I was just wondering, because I see a lot of "Wat iz de best daw?" on music forums around the place, and I was just curious to see what you guys use. Not even electronic musicians, RL instruments need to be recorded and mixed somehow  Personally, I recently got engaged to Cakewalk Sonar, although I've been using magazine freebie Computer Muzys for quite a while now. It took a while to get there though, I also tried Sony ACID (useless for MIDI) Reaper (couldn't get my head around it) and Ableton Live (great for performance, awful for composing).

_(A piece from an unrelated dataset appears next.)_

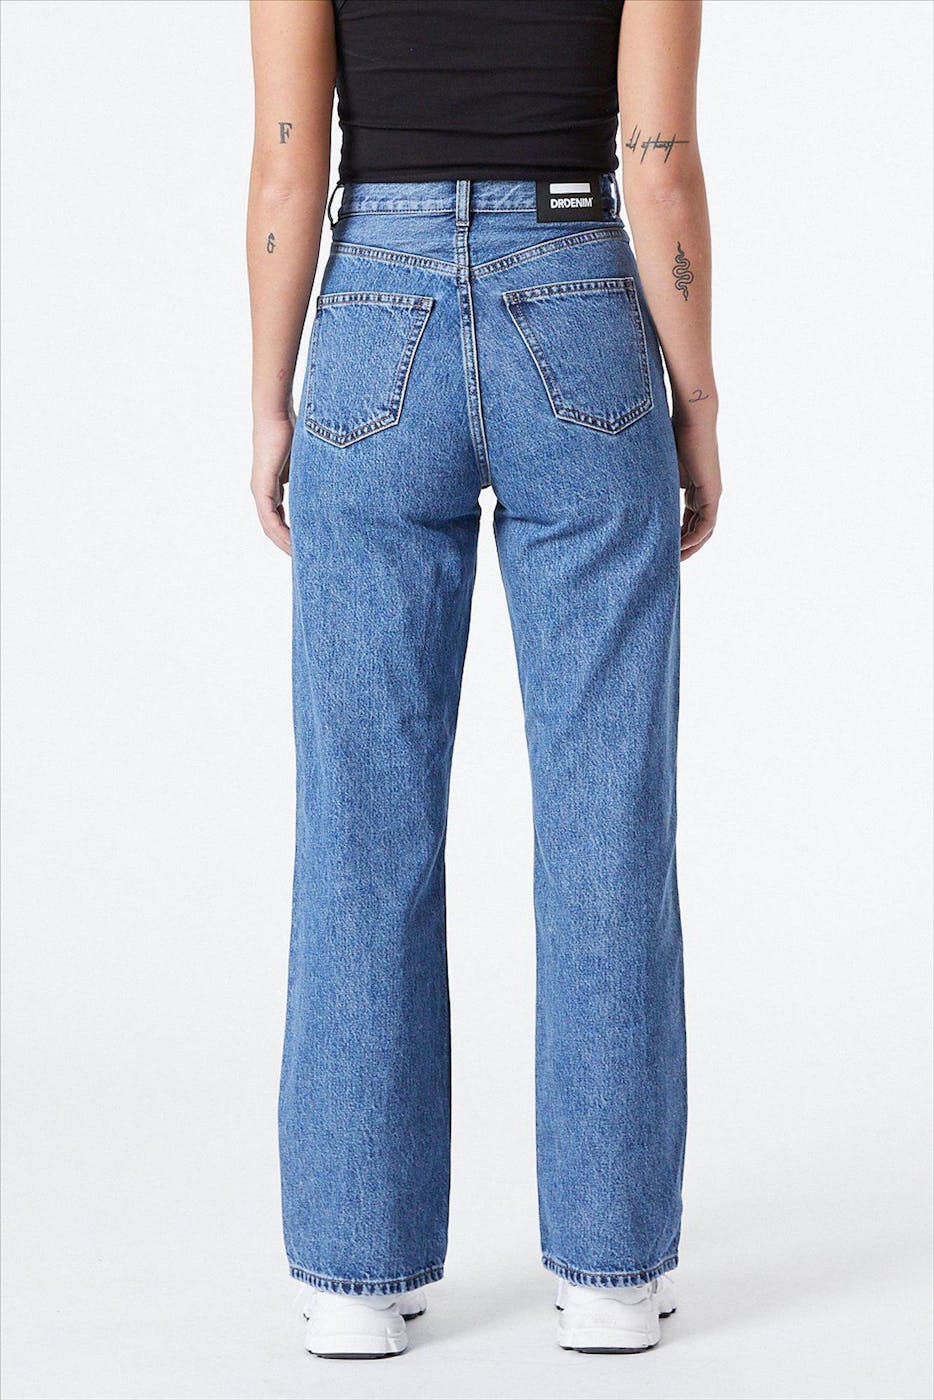 Dr. Denim - Blauwe Echo straight/wide jeans

I've also watched a guy use Pro Tools for about a week as work experience (I got free music!).

So whut's on your hard drive?


----------



## Bittertooth (Nov 26, 2009)

I always use FL Studio for my songs.


----------



## randomonlooker (Nov 29, 2009)

Even if I don't upload stuff that I make with it, I use Sonar, I simply love how it allows you to put envelopes for the mix of effects with each track.
But if I ever needed a real professional set-up I wouldn't think twice about getting Pro-tools, it is the bomb, but for smaller home studios it is a bit much.


----------



## Duality Jack (Nov 29, 2009)

Reaper audio is primo shit. 
http://www.reaper.fm/
I used it to no end now with a 64 bit version which I have been told is an Audio Tech's wet dream.


----------



## JMAA (Nov 29, 2009)

I use FL Studio all the way.


----------



## protocollie (Dec 12, 2009)

Ableton live. I don't know why you think it's a awful for producing, estimates are about 80% of music on beatport is puked out of someone's copy of ableton live :]


----------



## Tovarich Volk (Dec 12, 2009)

Check out SAW Studio. THe techniques are a little differant, but it's really fast due to being written entirely in Assember. --The PDF manual for the studio is actually larger than the program!


----------



## Plantar (Dec 13, 2009)

I use FL Studio to make drums, mix, add effects, Audacity to record. All of my guitar effects are digital, in which I use VST Host for. So many possibilities with it.

As my guitar input, I've got Fast Track USB.


----------



## Diego117 (Dec 18, 2009)

I want Pro-Tools but right now I'm stuck with Garage Band. It's not that bad. It get's the job done. I use Guitar Rig 3 for effects and what not.


----------